2. Pregnant or lactating females.
3. Blood dyscrasias including confirmed:
• Hemoglobin <9 g/dL or Hematocrit <30%;
• White blood cell count <3.0 x 10 to the power 9/L;
• Absolute neutrophil count <1.2 x 10 to the power 9/L;
• Platelet count <100 x 10 to the power 9/L.
4. Estimated GFR <40 ml/min based on Cockcroft-Gault calculation.
5. AST or ALT greater than 1.5 times the upper limit of normal at screening or any uncontrolled clinically significant laboratory abnormality that would affect interpretation of study data or the patient’s participation in the study.
6. Current or recent history of uncontrolled clinically significant renal, hepatic, hematological, gastrointestinal, endocrine, metabolic, pulmonary, cardiac, or neurological disease.
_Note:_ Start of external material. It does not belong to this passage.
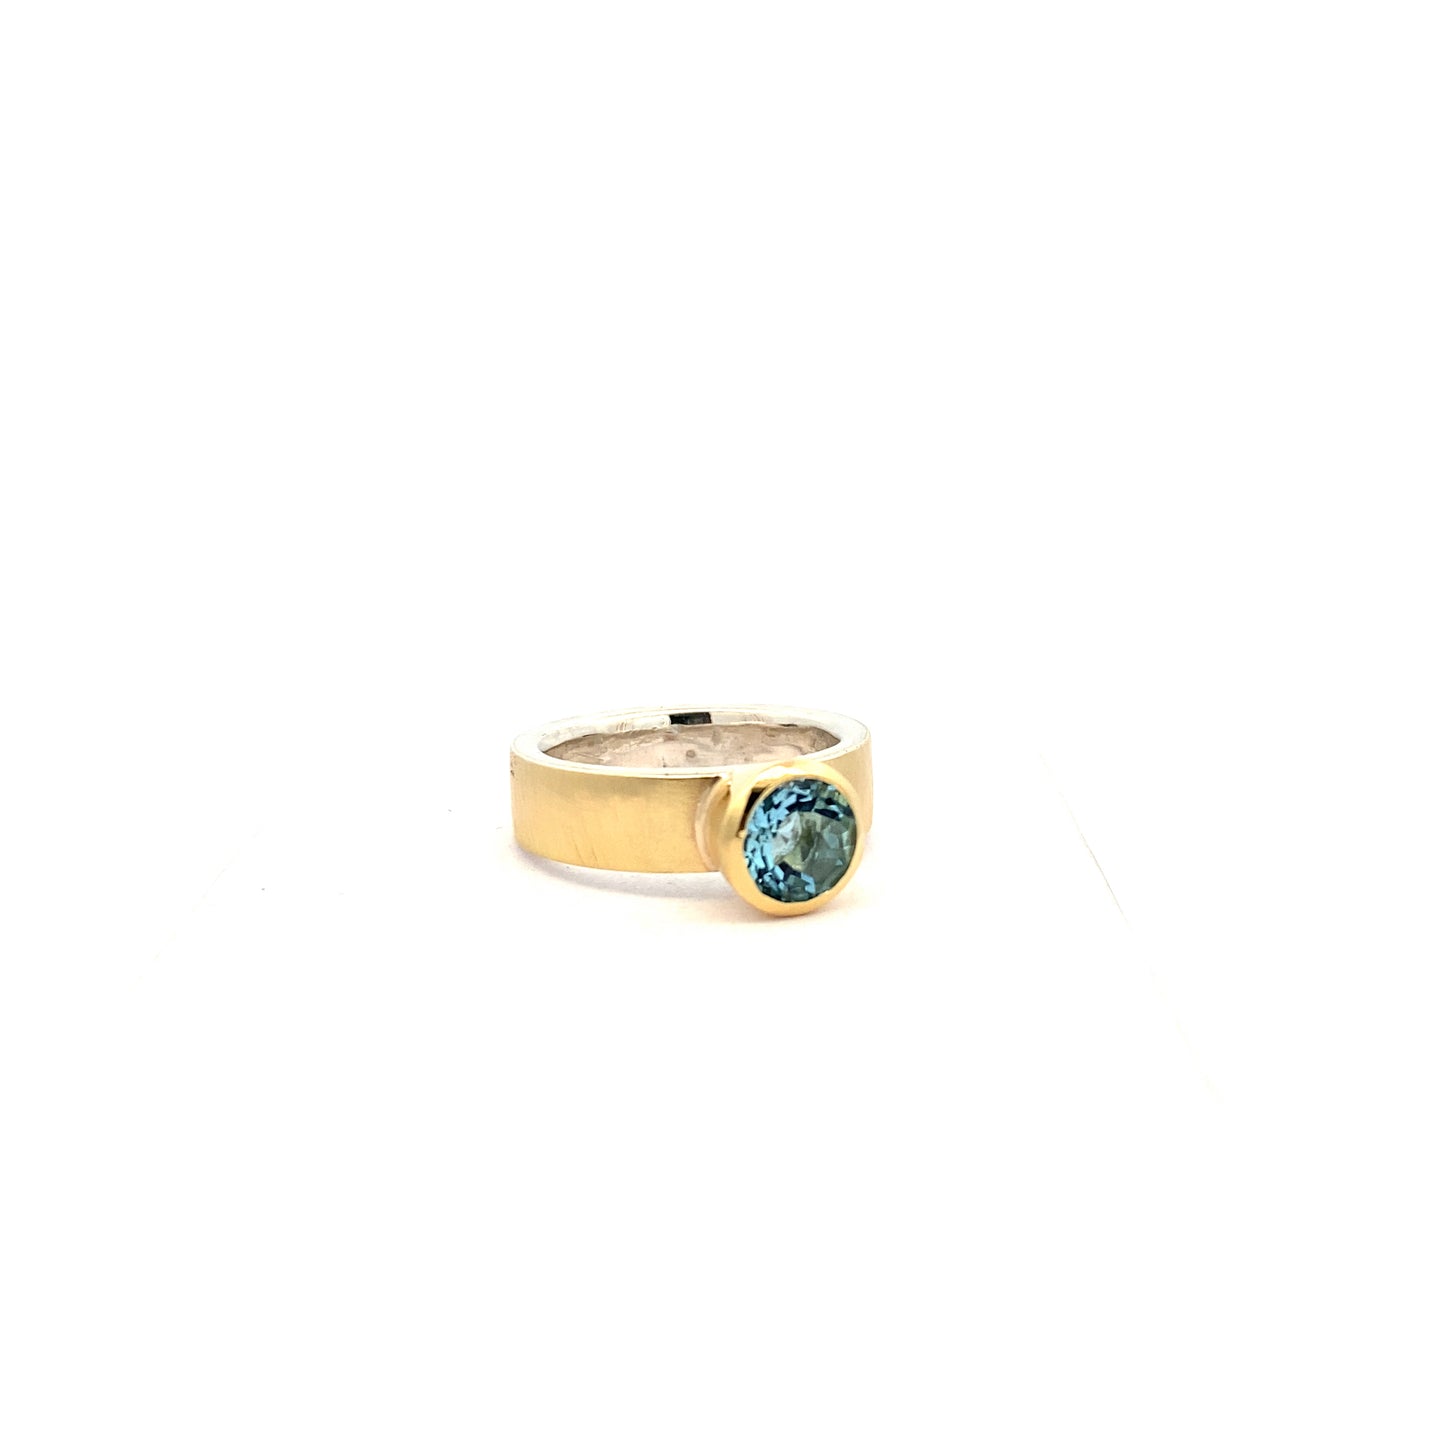 Round Aquamarine Ring with Gold Overlay

7. History of any other rheumatic autoimmune disease other than Sjogren’s syndrome.
8. History of an infected joint prosthesis at any time, with the prosthesis still in situ.
9. History of any lymphoproliferative disorder, such as Epstein Barr Virus (EBV) related lymphoproliferative disorder, history of lymphoma, leukemia, or signs and symptoms suggestive of current lymphatic disease.
10. History of recurrent (more than one episode) herpes zoster or disseminated (a single episode) herpes zoster or disseminated (a single episode) herpes simplex.
11. History of infection requiring hospitalization, parenteral antimicrobial therapy, or as otherwise judged clinically significant by the investigator, within the 6 months prior to the first dose of study drug.
12. History of any infection requiring antimicrobial therapy within 2 weeks prior to the first dose of study drug.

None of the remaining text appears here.